A federal regulator this week launched a new kind of lawsuit against a company for trying to stifle online criticism from unhappy customers.
On Monday, the Federal Trade Commission asked a judge to fine a weight loss product firm for allegedly deceiving consumers and ensnaring them in contracts designed to silence bad publicity.
The regulator told The Sentinel it had never before invoked the “unfairness doctrine” to quash companies’ attempts to get customers to agree to non-disparagement. A spokesperson for the commission said it had concerns the agreements hinder people’s ability to freely critique, and that it deprives consumers of guidance needed to make informed decisions.
“Defendants…unfairly use non-disparagement, or ‘gag,’ clauses in their sales contracts, and sue, or threaten to sue, purchasers for breach of contract if they complain or threaten to complain to third parties,” the FTC wrote in its complaint.

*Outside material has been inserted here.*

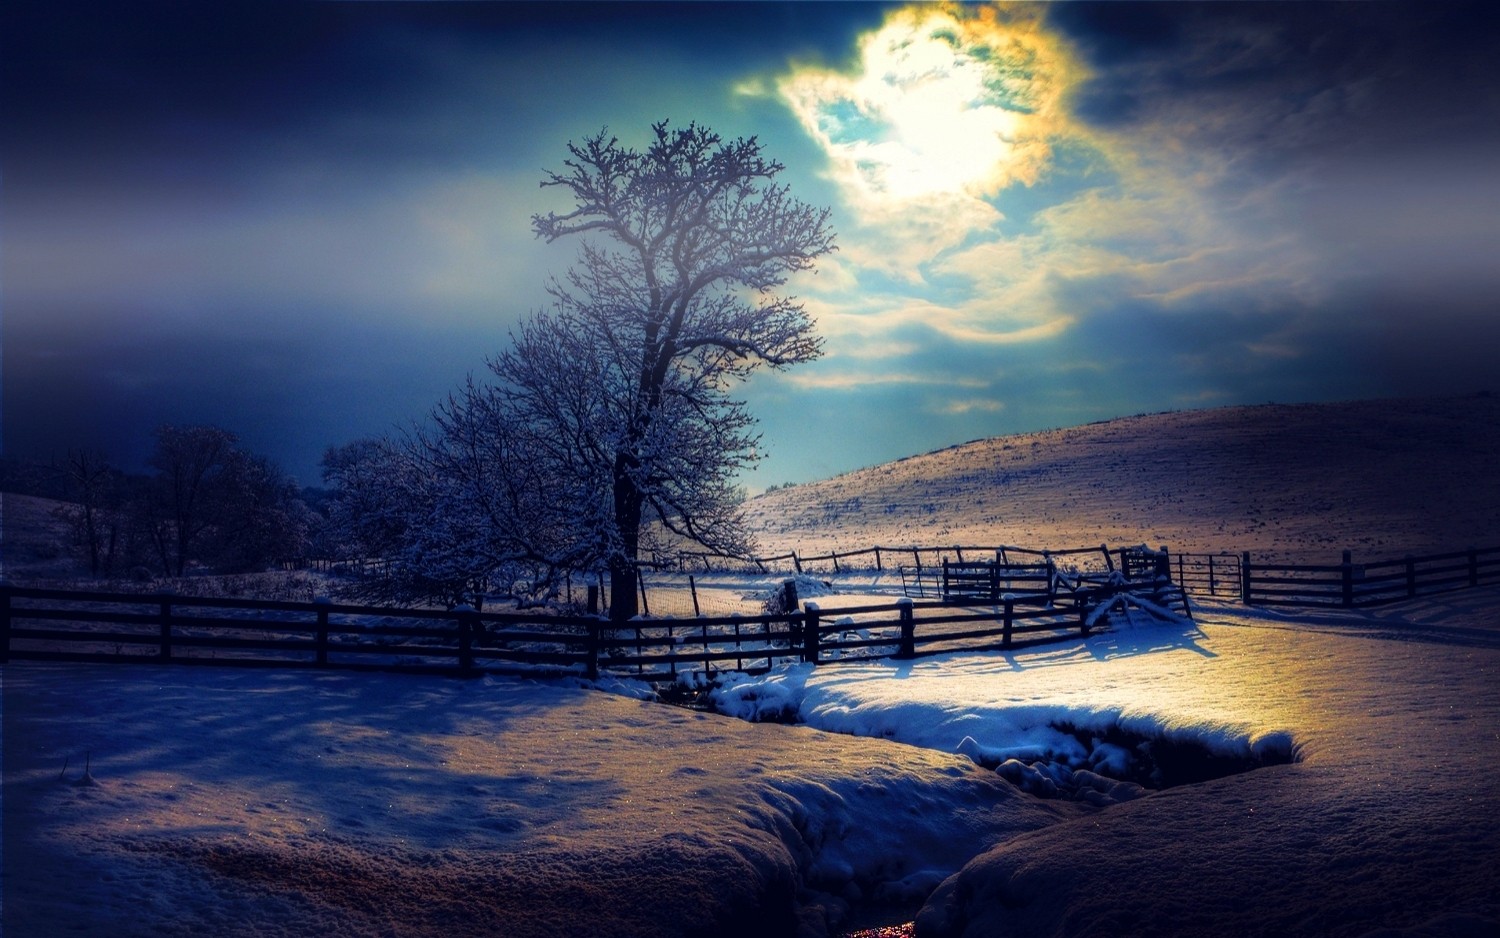 General 1500x938 nature landscape moonlight winter snow mist fence evening trees clouds

The practice at the heart of the suit is allegedly part of the tail end of a scheme that starts with deceptive advertising, the FTC charged. A weight loss firm accused of wronging consumers–a Florida-based ingestible weight loss product-maker called Roca Labs—only offered an advertised price to customers who agreed to terms of service that include the so-called “Gag Clauses,” the FTC claimed.
The practice even led Roca to sue publications merely for aggregating bad reviews. The firm has filed suit against “a company that runs an online site that allows consumers to post complaints about businesses, including the Defendants’ business, online,” the FTC noted, “for allegedly inducing purchasers to breach the Gag Clauses.”
The Unfairness Doctrine—not to be confused with the Federal Communications Commission long-defunct Fairness Doctrine—holds that the FTC can seek to stop anti-competitive practices that aren’t explicitly prohibited by antitrust laws; violations of antitrust law in spirit.
It was first recognized in 1972, when the Supreme Court found that the commission, “like a court of equity [bankruptcy court], considers public values beyond simply those enshrined in the letter or encompassed in the spirit of the antitrust laws.”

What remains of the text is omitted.